Here is description of this substance from my tetrazole article:
3. Bis-diazotetrazolylhydrazine (H(CN4)-N=N-NH-)2 – yellowish crystaline plates, with characteric star like edges. Poorly soluble in water and
organic solvents. Due to the high nitrogen content (14 nitrogen atoms and only 2 carbon atoms), the substance is an extremely powerful explosive. Pure
product, thoroughly washed by ethanol melts at 120-123°С, where as the crude product explodes with terrible violence when heated to
90°С. Quite stable at room temperature, but very sensitive to friction and impact, violently explodes when rubbed with a glass rod or spatula.

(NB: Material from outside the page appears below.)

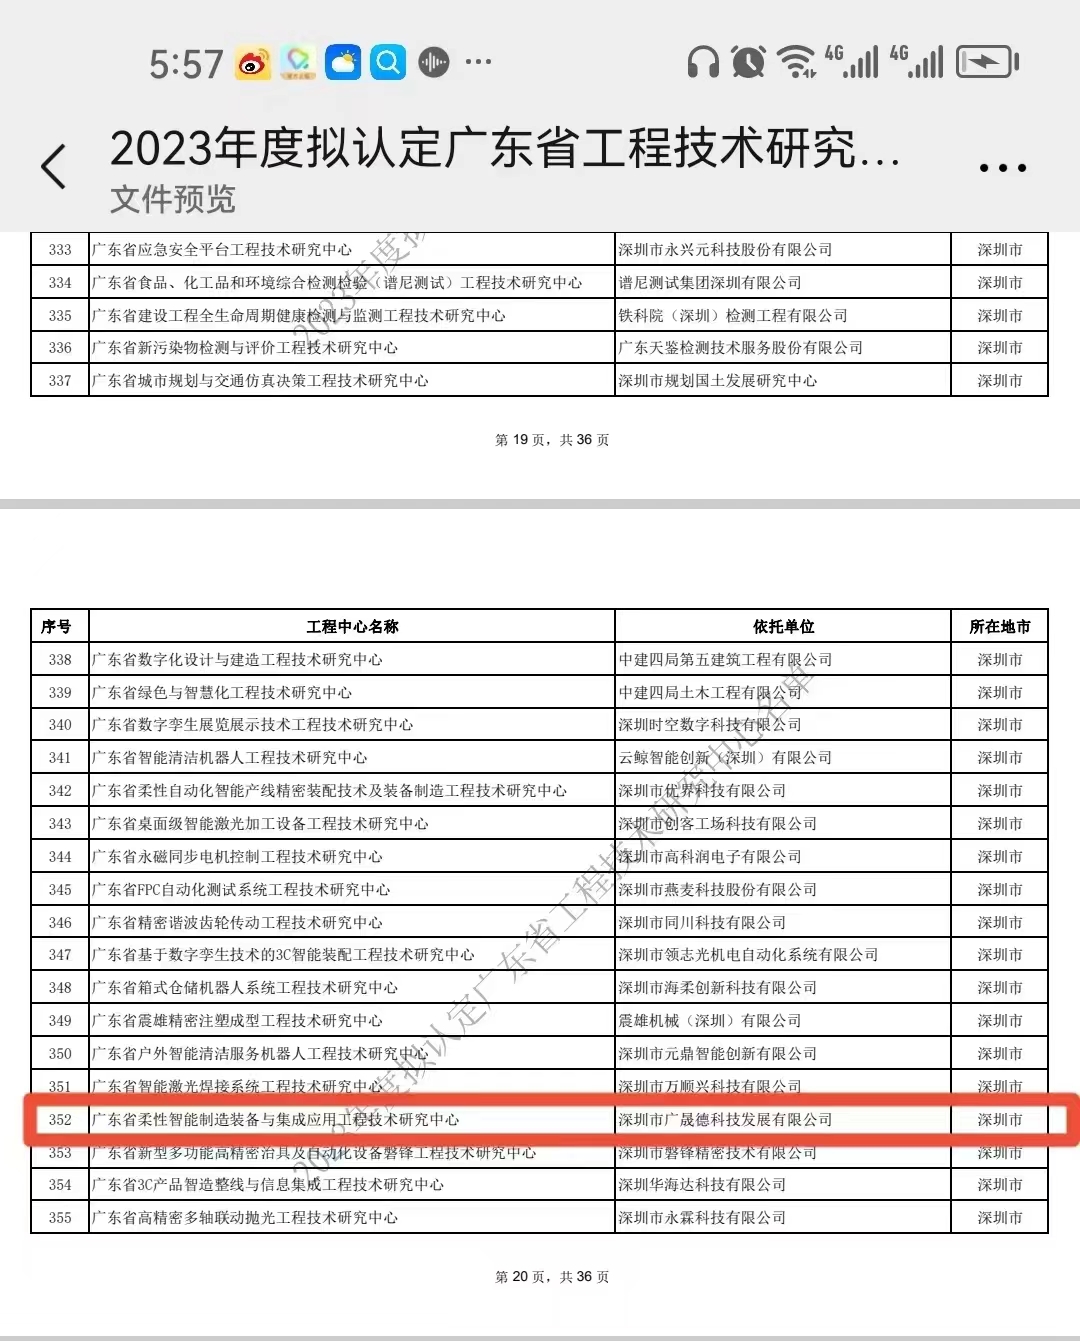 深圳c7娱乐官网荣获2023年度广东省工程技术研究中心认定

The action of alkaline solutions result in fast decomposition to 5-azidotetrazole, 5-aminotetrazole, nitrogen, ammonia and dicyan. Slowly decomposed
when stored underwater due to hydrolysis. Can form extremely explosive salts, if water suspension of bis-diazotetrazolylhydrazine at 0°С is
treated with a 20% solution of copper sulphate, greenish crystalls of copper salt are formed. Copper salt is extremely sensitive to friction, impact
and fire, flash point 185°С. Bis-diazotetrazolylhydrazine is one of the richest on nitrogen from all known organic substances, containing 87.5%
nitrogen.
Synthesis of bis-diazotetrazolylhydrazine: 0.75g of hydrazine chloride and 1.5g of sodium acetate are dissolved in 3 ml of water, solution is cooled
in a sodium chloride/ice bath and a solution of 1.9g diazotetrazole (Note №1) is slowly added with stirring. The yellow amorphous precipitate is
washed with ice cold water, alcohol, and ether and is dried at room temperature. This work requires the greatest caution, due the extremely explosive
nature of synthesized substance.
Notes:
1. Solutions of diazotetrazole are extremely explosive and can explode spontaneously, so appropriate safety measures should be taken into account all
the times. It’s not recommended to make amounts bigger than those presented in the synthesis procedure due to safety reasons. All works should
be carried out by experienced chemist, with the greatest caution.
[1] P.F. Bubnov “Primary Explosives And Initiation Devices” Part 1, Moscow, Ministry of Defence Industry Press (1940), pp 313-314.
[2] L.I. Bagal “Chemistry And Technology of Primary Explosives”, Moscow, 1975, pp 399.
[3] L.I. Khmelnitskij “Handbook Of Explosive Materials” Part 2, Moscow, 1961, p 96.
[4] Patents DE362433C1, DE400814C1.
[Edited on 27-8-2008 by Engager]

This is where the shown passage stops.